== DATA BLOCK ==
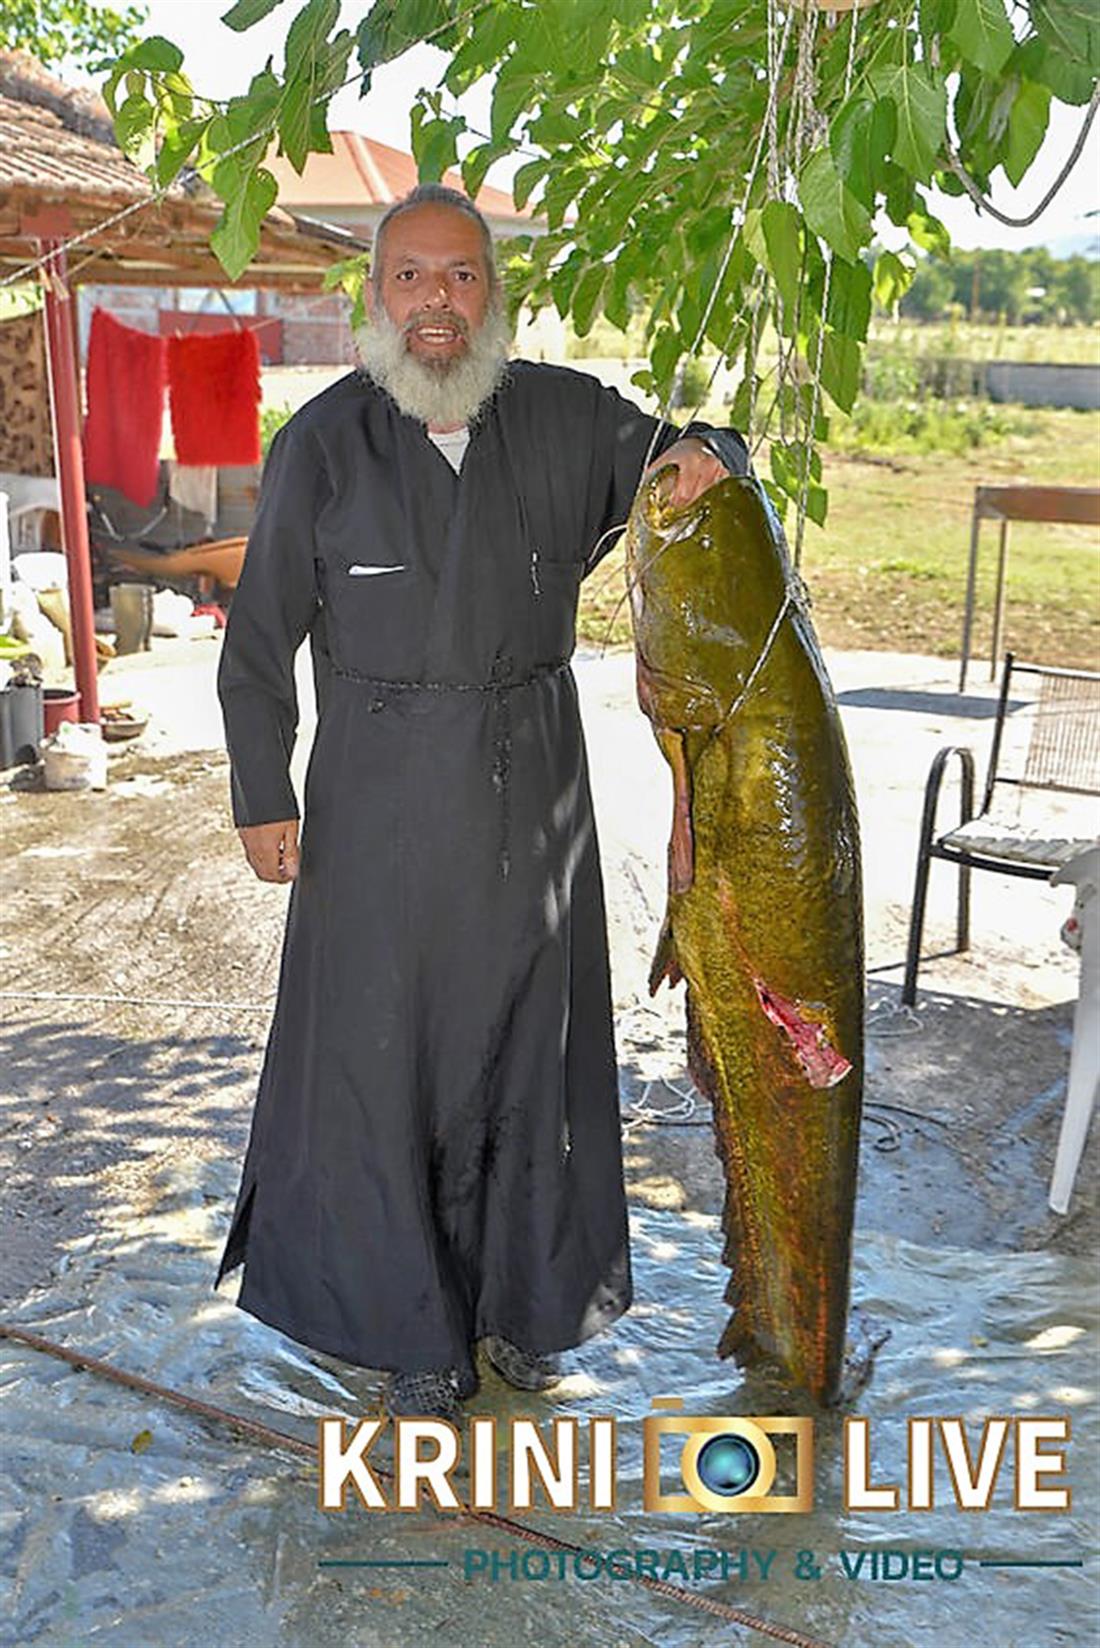 Ψάρι - 35 κιλά - Πηνειός ποταμός - Τρίκαλα
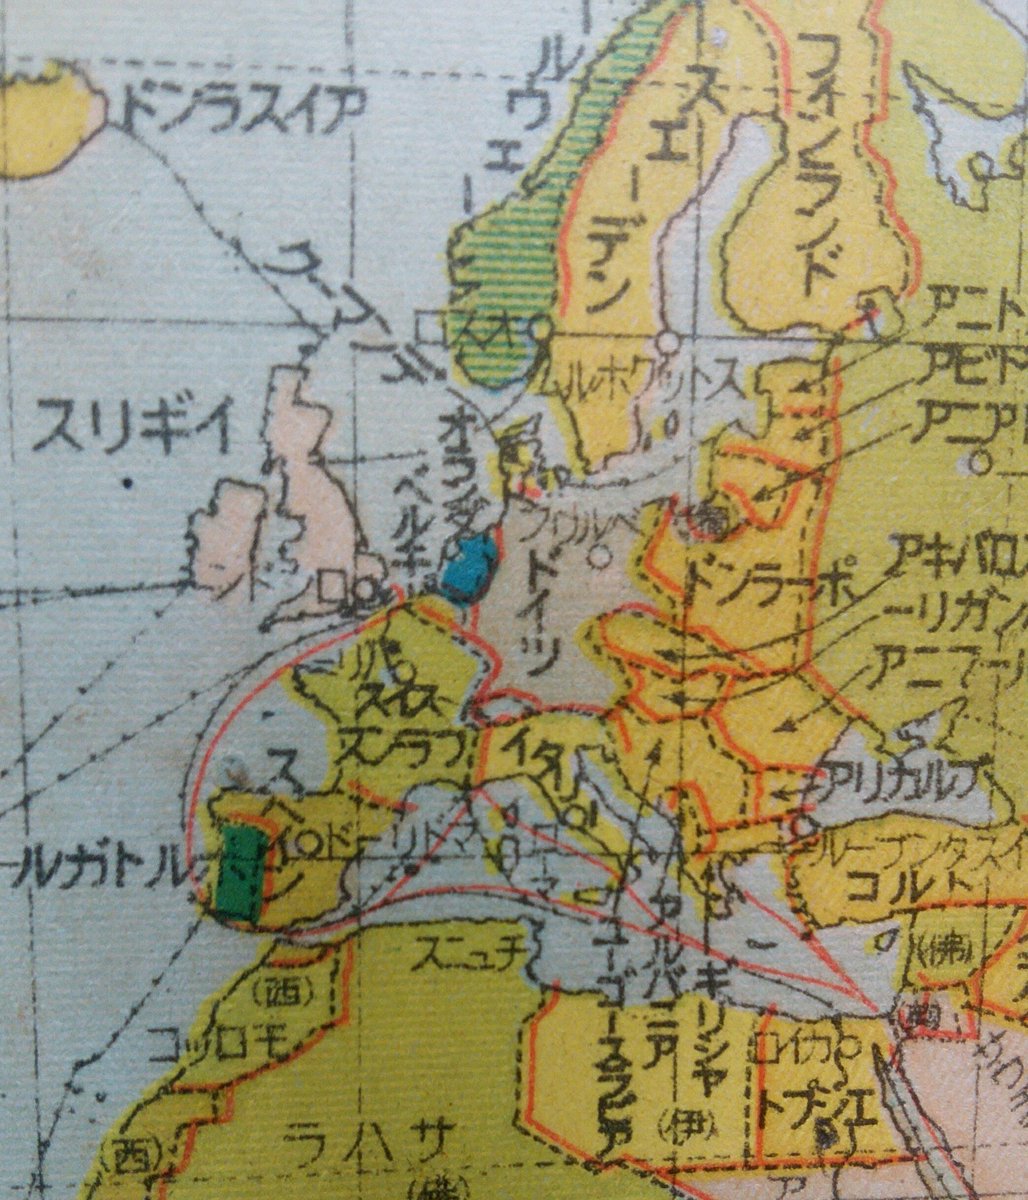 りーべ 昭和14年の世界地図 アフリカの独立国がエジプトだけというとんでもない時代です ドイツは1938 昭和13 年にオーストリアを併合し 翌年9月にポーランドを制圧していますが これはちょうどその間 昭和14年4月発行 の地図です
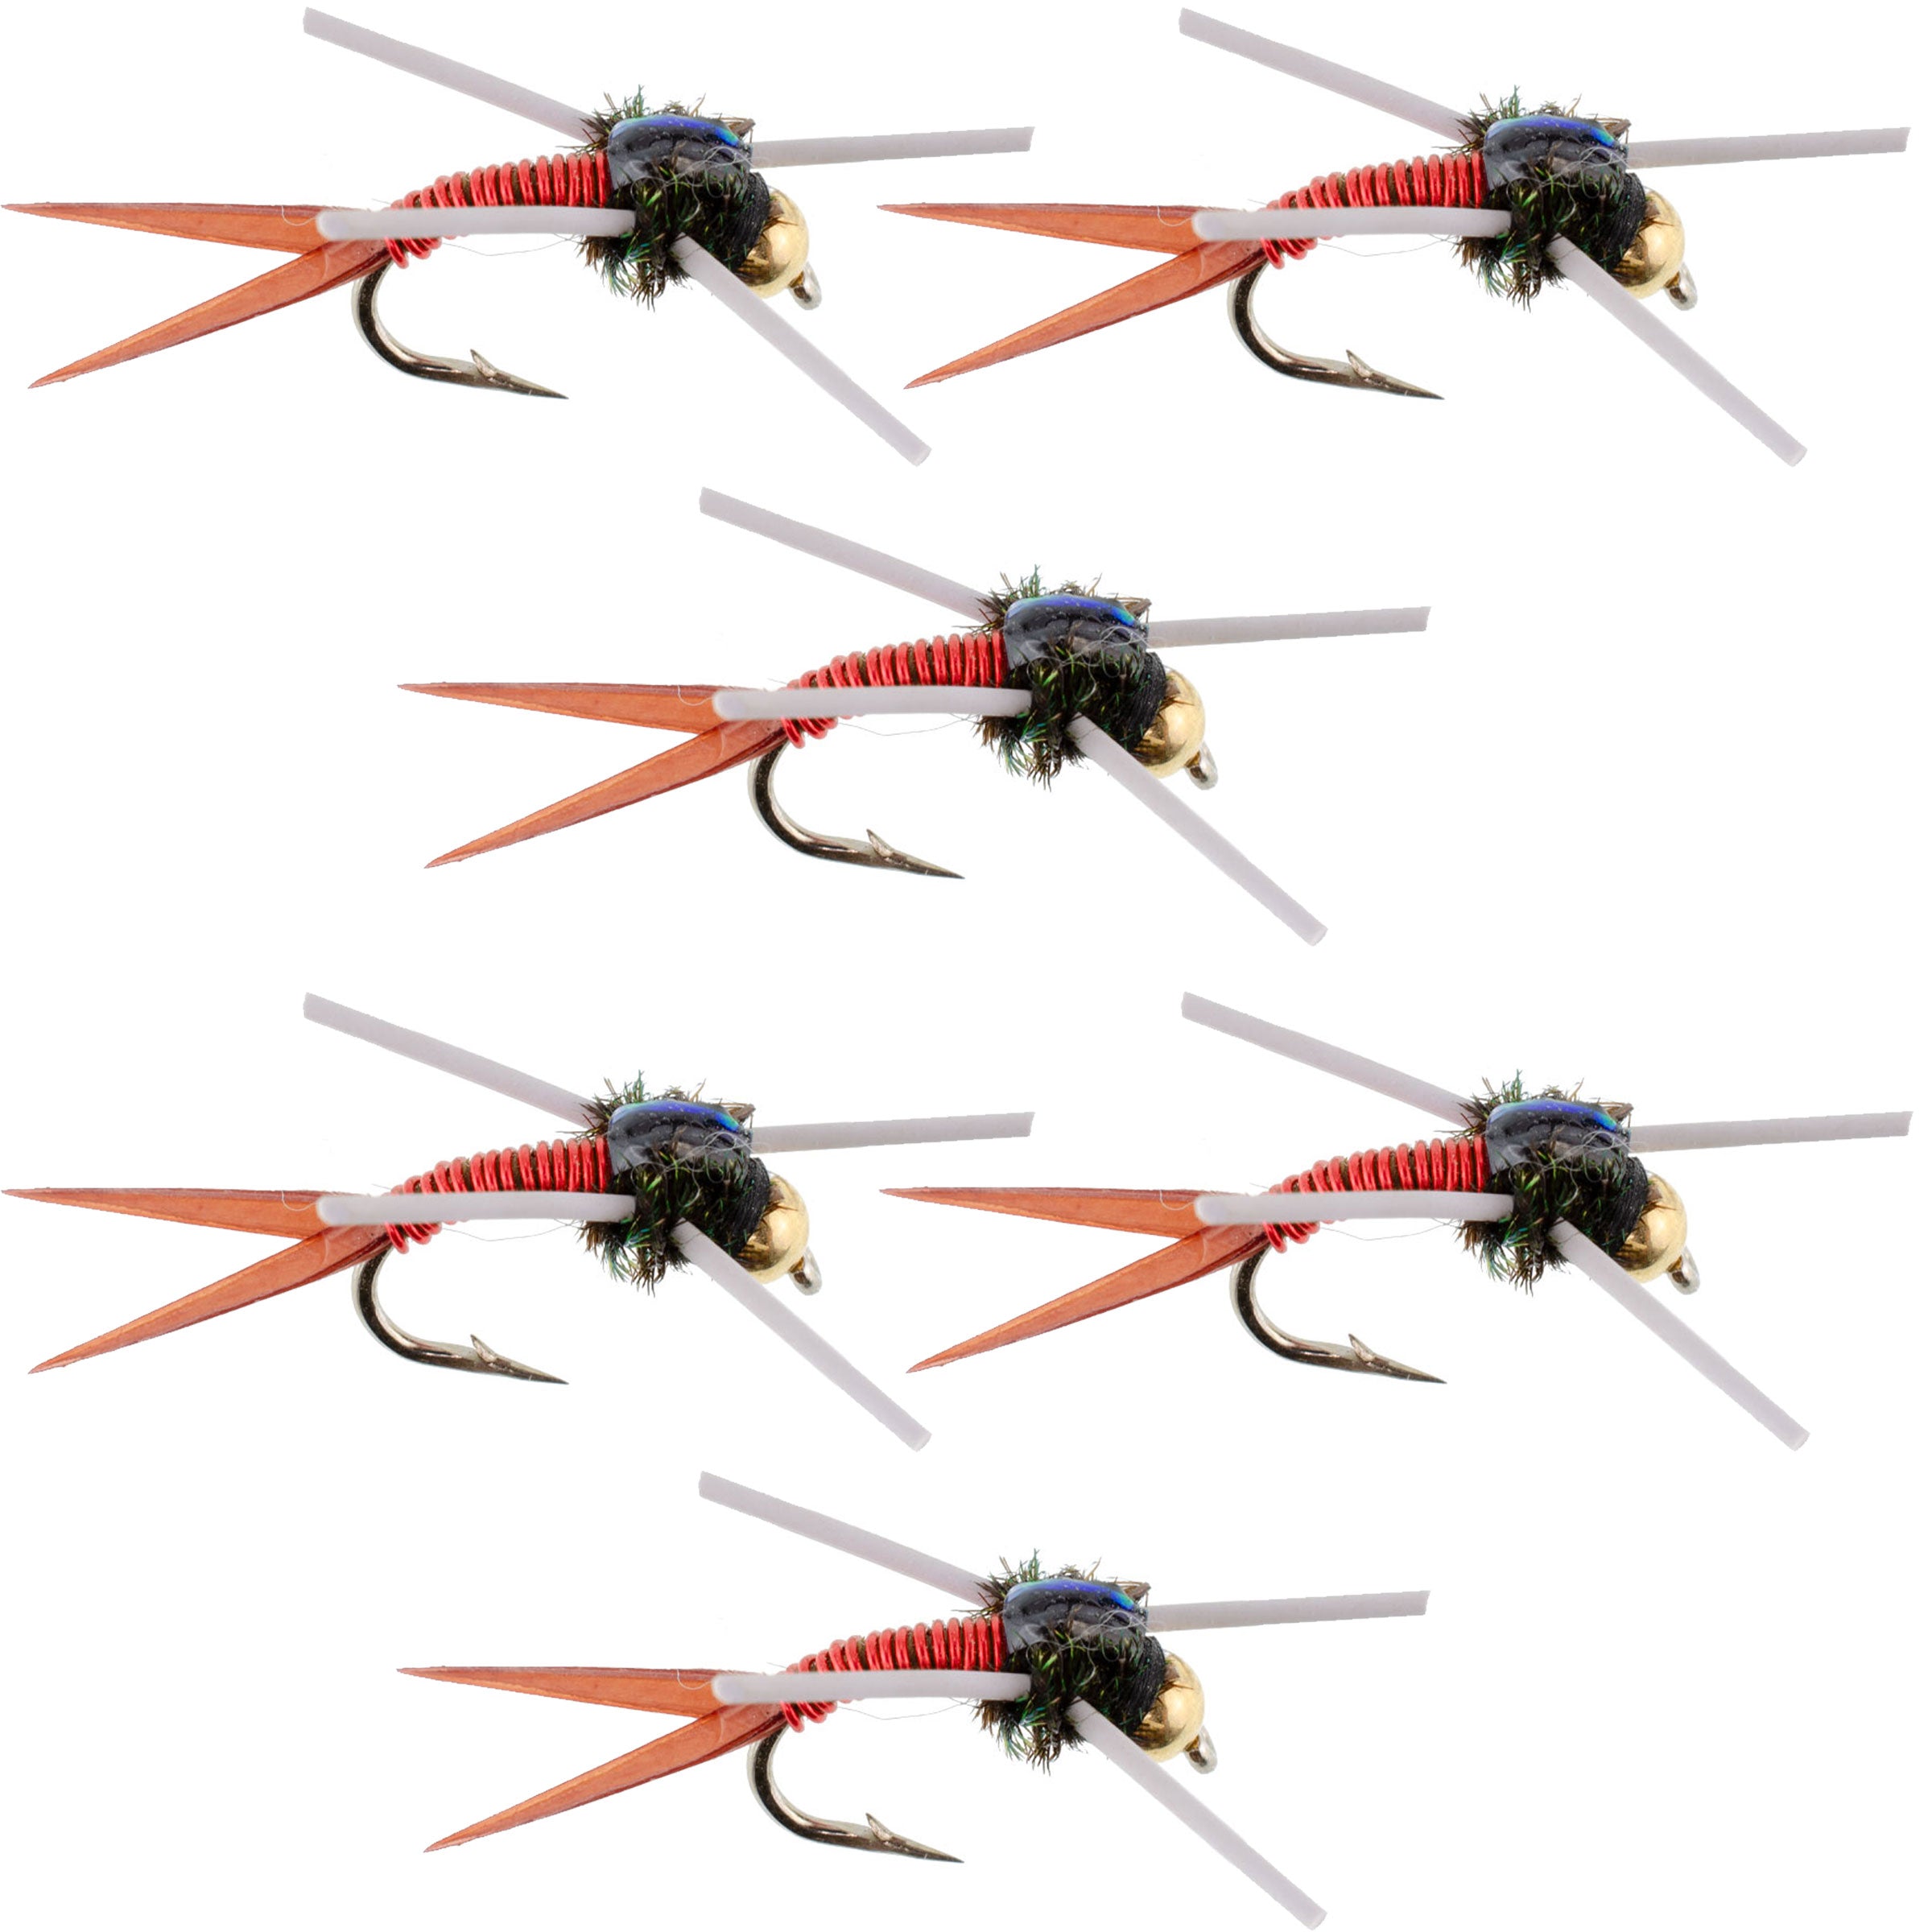 Tungsten Bead Head Rubber Legs Red Copper John Nymph Fly Fishing Flies - Set of 6 Flies Hook Size 16
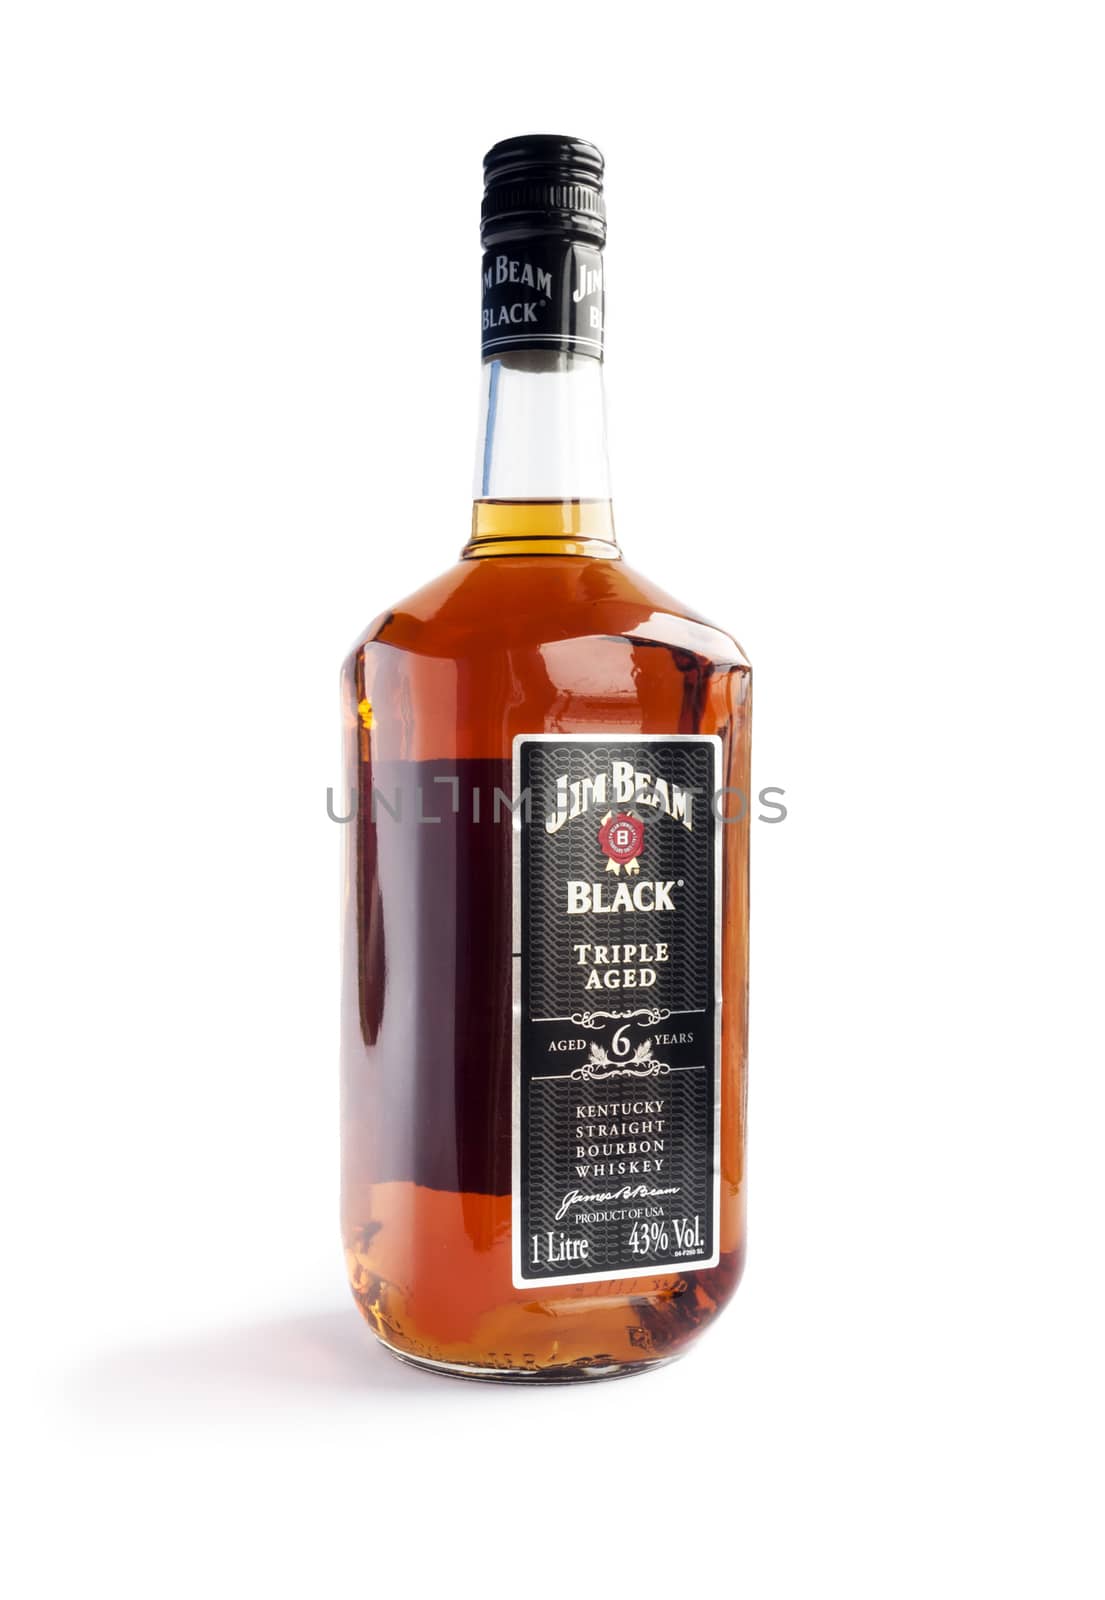 Bottle of Jim Beam Black isolated on white background.  by maxmitzu
===
TASK PROMPT - Without any pictures, repeat the listing exactly.

ANSWER SPACE -
 Ψάρι - 35 κιλά - Πηνειός ποταμός - Τρίκαλα
 りーべ 昭和14年の世界地図 アフリカの独立国がエジプトだけというとんでもない時代です ドイツは1938 昭和13 年にオーストリアを併合し 翌年9月にポーランドを制圧していますが これはちょうどその間 昭和14年4月発行 の地図です
 Tungsten Bead Head Rubber Legs Red Copper John Nymph Fly Fishing Flies - Set of 6 Flies Hook Size 16
 Bottle of Jim Beam Black isolated on white background.  by maxmitzu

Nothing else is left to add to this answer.